Kunzea leptospermoides
F.Muell. ex Miq. Yarra BurganErect shrub or small tree 2–5(–15) m high; bark on young stems fissured, peeling in long strips; young stems minutely pubescent. Leaves, alternate, narrowly elliptic to narrowly oblanceolate, spreading, 7–25 mm long, 1–2 mm wide, mid to dark green, minutely pubescent when young, soon glabrous or with a fringe of fine hairs along the margins, more or less flat; apex acute to acuminate; margins entire; petiole c. 0.5 mm long. Flowers white, crowded in upper leaf axils or on leafy side branches; pedicels 1–3 mm long, glabrous or with sparse, short spreading hairs; floral bracts absent; hypanthium ±glabrous, rugulose, 2.5–3 mm long; sepals green, reddish at base, triangular, 1–1.5 mm long; petals orbicular, c. 1.5–2.5 mm diam.; stamens white, usually 20–35, 1–4 mm long, those opposite sepals shorter than petals; style 1.5–2.5 mm long; ovary usually 3-celled. Fruit c. 3–4 mm long and wide, not woody, dehiscent by terminal valves. Flowers Sep.–Dec.
VVP, GipP, CVU, NIS, EGU, HSF, HNF. Apparently restricted to the Yarra Valley, upper tributaries of Bunyip River, generally in riparian areas or damp forest.
Kunzea leptospermoides, K. peduncularis, K. sp. (Scrubby form) and K. sp. (Upright form) were previously all included in K. ericoides (A.Rich.) Joy Thomps. Kunzea ericoides is now thought to be endemic to New Zealand. The distinction between these four Victorian taxa is often slight at best, and clear patterns between them are often blurred by the apparent widespread hybridisation in this complex.

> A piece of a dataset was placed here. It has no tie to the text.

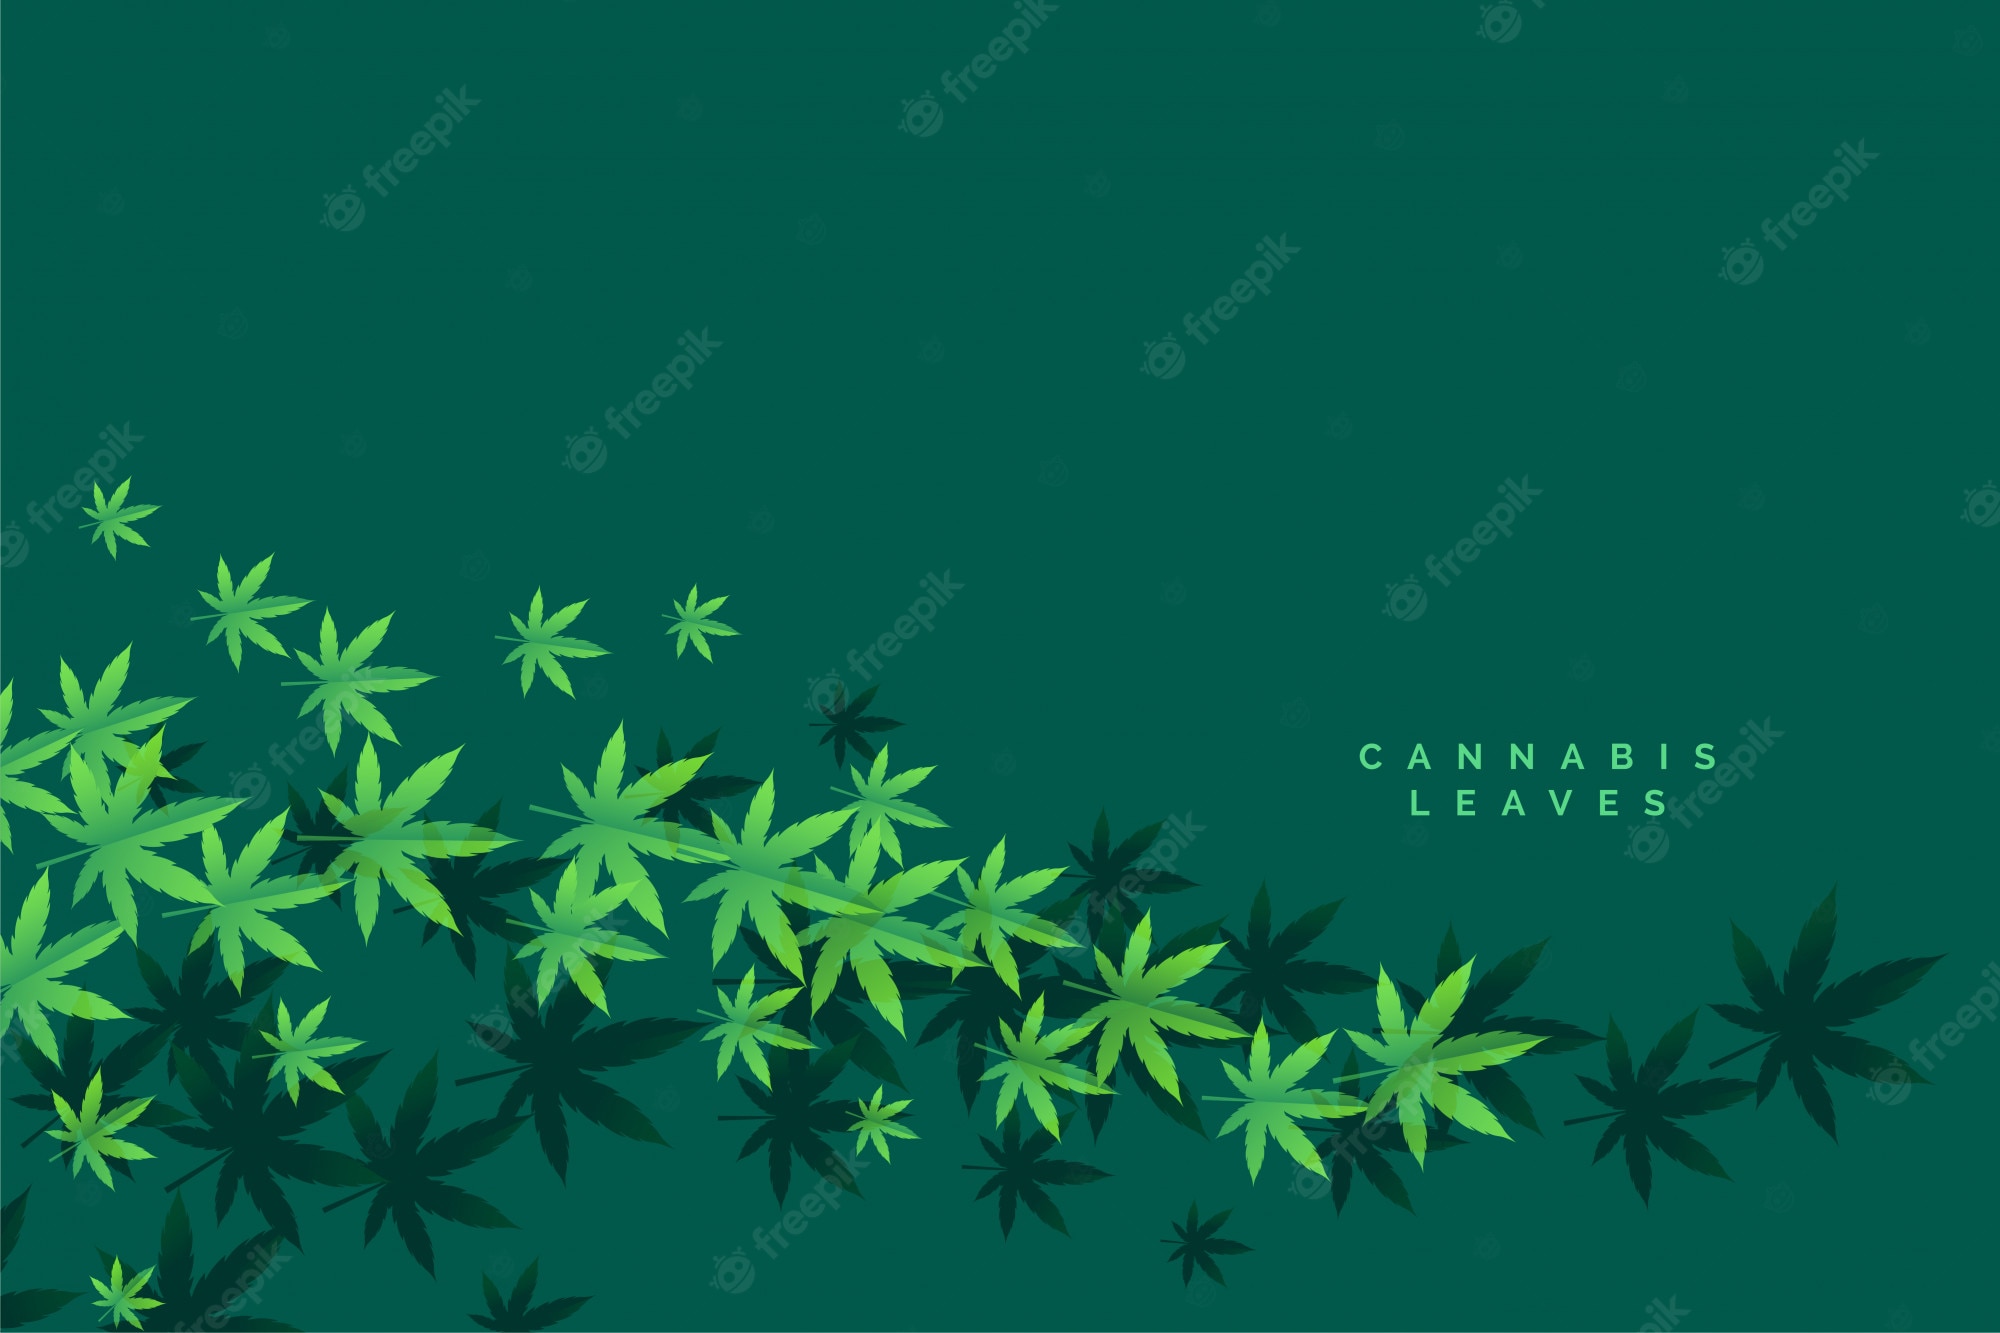 Cool Weed Symbol Wallpapers

Inspection of bark and a sound knowledge of the range of variation seen in species is often required for identification. A full treatment of this species complex is still to be completed; as such the above description should be treated as interim. It is based on a very limited number of specimens selected largely by their distribution and presence of a few key features, and does not account for variation seen in putative hybrid forms.

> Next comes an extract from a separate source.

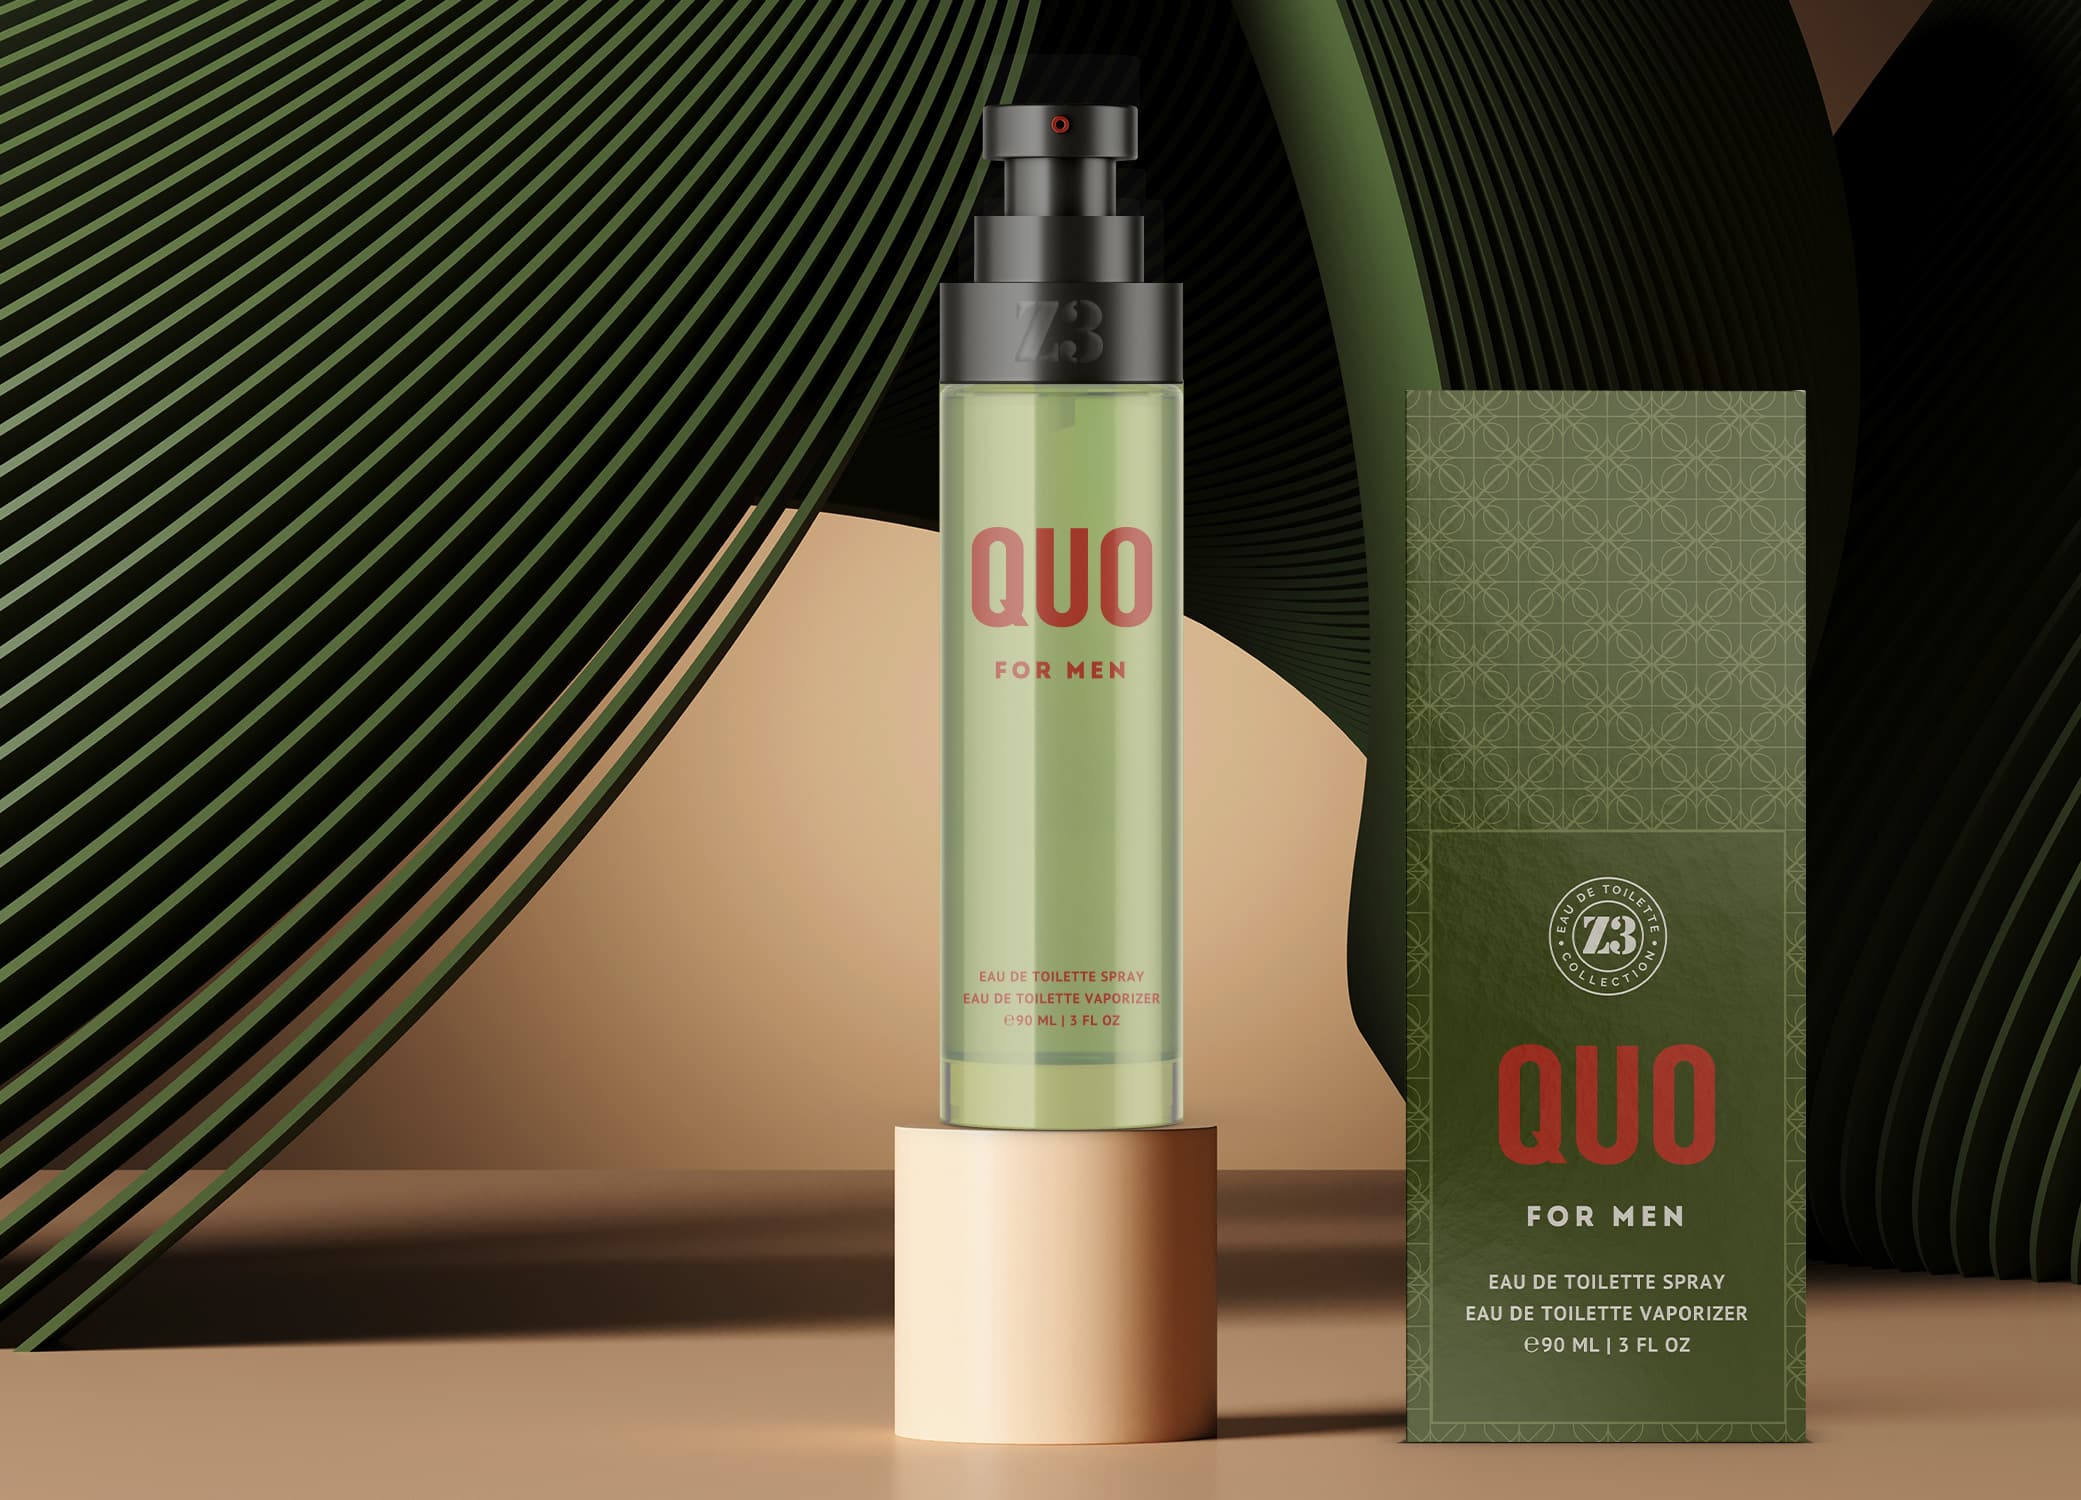 YZY Perfume men's fragrance bottle and package design in olive and rust with ornate pattern for Z3 Quo product.

Kunzea leptospermoides is sympatric with, and reported to hybridise with Kunzea sp. (Upright form) throughout much of its known range. However, where they occur in close proximity, K. leptospermoides is generally distinguished by the longer and narrower leaves that are often widest in the middle. The type specimen of K. leptospermoides (from "Brighton", presumably referring to the Melbourne suburb) has distinctly narrower leaves and almost subsessile flowers. It is doubtful that K. leptospermoides would have ever occurred at Brighton.